Recent attempts to rescue the Safavids from the odium of indifference to creative writing, if not indeed of its neglect or suppression, show that Shah 'Abbas took a positive attitude at all events to individual poets, for example to Sharaf al-Din Hasan Shifa'i (d. 1037/1628), whom he appointed poet laureate, or to Shami, whom he had weighed in gold as a sign of his recognition, and to Kamall Sabzavari (d. 1020/1611 —12), who celebrated his exploits in a verse epic entitled Shah-nama or 'Abbas-ndma. However, since relationships of this kind form the exception rather than the rule, they signify little. The criticism of Safavid poetry, whether justified or not, as lacking in originality, full of banalities and "endless verbal niceties" is not shaken by such evidence. Emigration of Persian poets, particularly to India, which had been going on at least since the time of Shah Tahmasp, did not cease under Abbas. Indian courts, at which the old interest in courtly poetry continued, offered at any rate better opportunities than Isfahan with its Safavid traditions, and not only for poets but for other artists such as calligraphers and miniature painters, whose success was largely dependent on the ruler's attitudes to aesthetic matters.

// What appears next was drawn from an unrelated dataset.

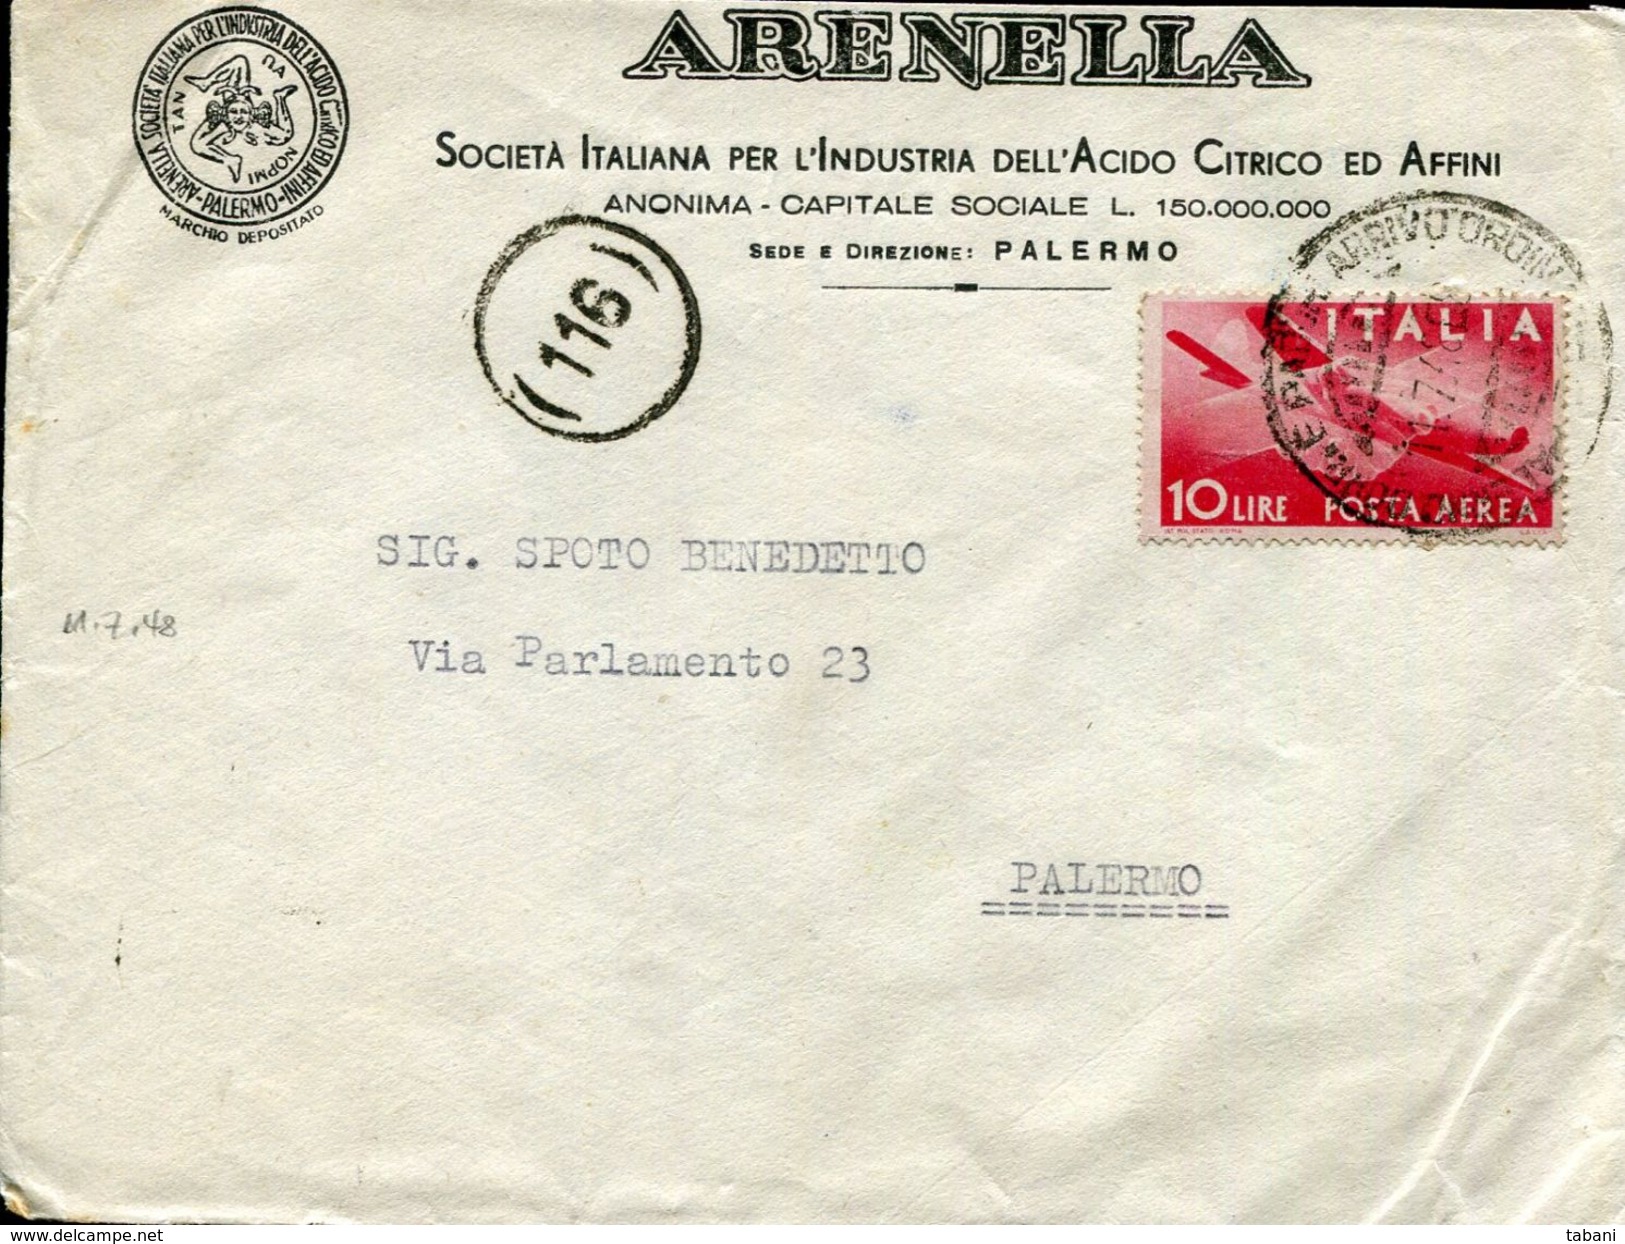 ITALY 1948 PALERMO ARENELLA  SINGLE FRANKING COVER - Local And Autonomous Issues

The shah's interest in the intellectual and artistic culture of his time is unmistakeably evident, sometimes in the form of unique works of art, and certainly also in the large number of artistic achievements that appeared. But it is also unmistakeably the case that this influence was exercised, if not exclusively, at any rate largely, to resuscitate an older heritage, that of the Timurids; in other words, it was not always based on original conceptions. And in addition, these reversions to the past, however impressive they may be when seen from a distance or at a casual glance, reveal on closer inspection a more or less hasty manner of execution, a lesser degree of thoroughness than the originals, and the use of less costly materials.